How much of what I've done can I stand by and say that I don't regret? If I were to put a number to it, I suppose it would be somewhere between 1% and 99%, depending on the perspective. There is the 1% that I know I'll never be ashamed of, like my daughter. She is my safety net in case I set fire to an entire city and kill millions of innocent people. She'll still be pure and perfect enough to justify my existence. My 1%. Then there is the other 1% that no goodness will make up for. The horrible, life-destroying, keep me awake at night, tear away at my dreams, bring me down regardless of the situation, constant kick to the stomach shame that can't be outrun and can't be ignored and can't be hidden. I don't blame her for the cynicism she instilled in me, but I do blame myself my pay it forward-attitude I decided on 16 months ago. I slept with a married woman who had two children. I promised her gold and green forests, and broke her away from a good man. Painfully dull, like the end of a baseball bat, but not a bad person. This took 3 weeks, and before the season had time to change I had left her in disgust. She had a house she couldn't afford and couldn't afford to sell, because it was the only thing keeping her children sane. The humorless Joe Nobody moved into a shitty loft apartment and saw his kids every other weekend. I had spread the disease and didn't feel any better. Misery loves company but she's a terrible host.
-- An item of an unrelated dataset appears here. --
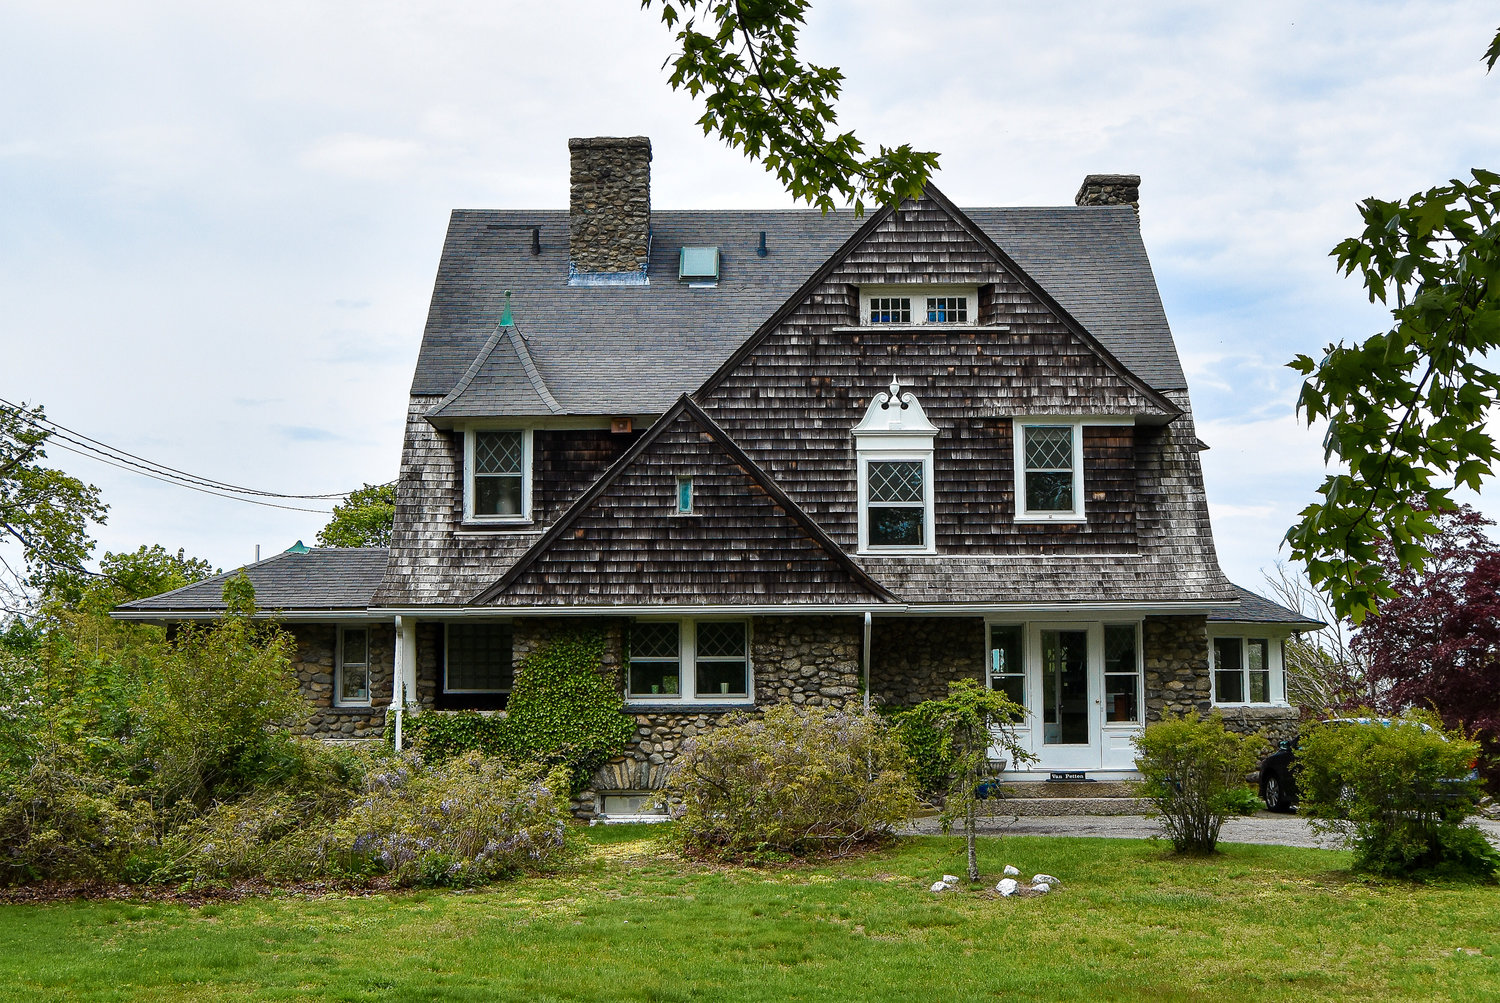 Shingle Style, Newport: Although they can be found throughout the US, shingle style homes feel particularly rooted in New England to me. There’s something about a weathered cedar shake with Nantucket blue trim that’s an essential part of our vernacular architecture here.

Priests probably hear a lot of strange questions, and I can imagine that the best ones come from children. "Do you have to cut your nails in Heaven?" I was pretty happy with that one, and it evoked a smile from the father. He didn't know. Do you get older? Does time stand still? Can you do whatever you want? What does eternity feel like? If you die without ever having been married, can you find someone in Heaven? If Grandpa remarries, which wife will he spend eternity with? I like his new wife and all, but what about Grandma? She'd be pretty lonely if she had to be all alone forever, I'd bet. That thought kept me up for a couple nights. I hoped there wasn't a heaven. That would be really scary.